Eli is not. He has a huge nose. The dang thing sticks outta the helmet. Eli injured 2 pat players right off the bat.. Eli poked em in the eyes. Hes also the most funky lookin guy ive ever seen in my life.. O well. pats got next year too


----------



## MuzzyMarksman (Jun 16, 2007)

Pats lost Pats lost hahahahaha:wink:


----------



## Bowhunter500 (Mar 23, 2007)

MuzzyMarksman said:


> Pats lost Pats lost hahahahaha:wink:


Hmm.. shall we be a bit more mature around here?


----------



## Jamis (Apr 8, 2007)

Bowhunter500 said:


> Eli is not. He has a huge nose. The dang thing sticks outta the helmet. Eli injured 2 pat players right off the bat.. Eli poked em in the eyes. Hes also the most funky lookin guy ive ever seen in my life.. O well. pats got next year too


Cheaters never win! I think the Pats got what they deserved, everyone said that Eli manning would choke in the Bowl, but it turned out that New Englands D were the ones who choked!


----------



## Bowhunter500 (Mar 23, 2007)

Jamis said:


> Cheaters never win! I think the Pats got what they deserved, everyone said that Eli manning would choke in the Bowl, but it turned out that New Englands D were the ones who choked!


I think it was Eli that choked.. He was freakin out considering you could see the whites of his eyes every play.. If it werent for his receivers running too the ball.. they wouldnt have gotten anywhere.... imo


----------



## Jamis (Apr 8, 2007)

Bowhunter500 said:


> I think it was Eli that choked.. He was freakin out considering you could see the whites of his eyes every play.. If it werent for his receivers running too the ball.. they wouldnt have gotten anywhere.... imo


And Tom wasnt? He had a baby face everytime he got up from the turf! (After NY's D had sacked him) 
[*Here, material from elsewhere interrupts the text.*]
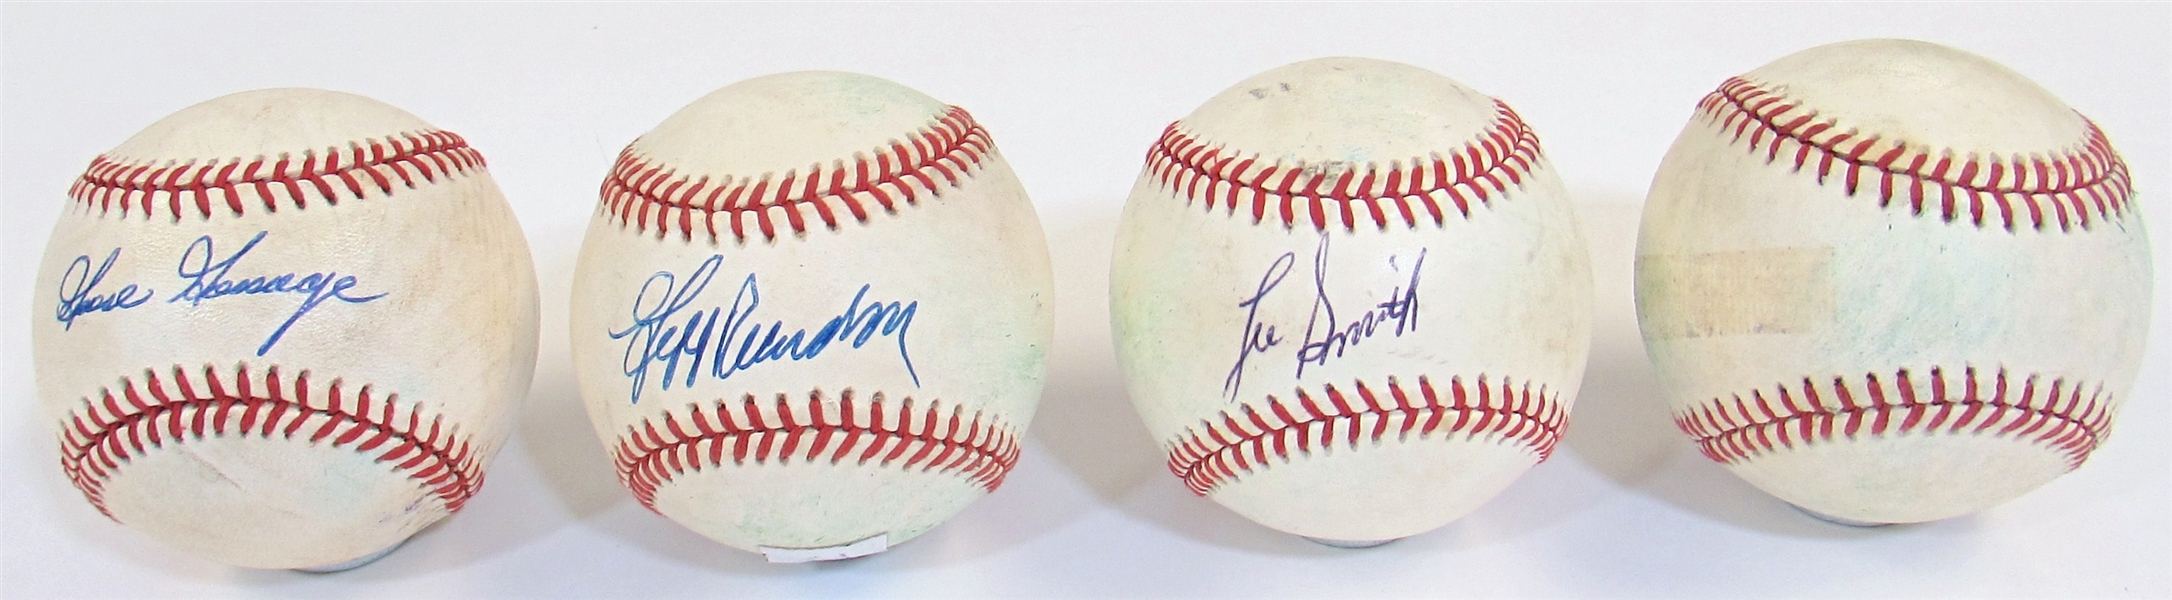 Lot of 4 Single Signed Balls of Closers (Gossage, Reardon, Smith, & M. Davis)

New England couldve put the game away several times, but they didnt excicute (sp?) They thought they had that game in the bag, thats why they went for that 4th and 13 play early in the game that resulted in an incomplete. Of course Eli was a little ansy with his throws, because thats the biggest game he's ever had. Tom has been in that position many times. I will admit Tom is the best QB in the NFL now, but he wasnt that great in the Super Bowl....IMO


----------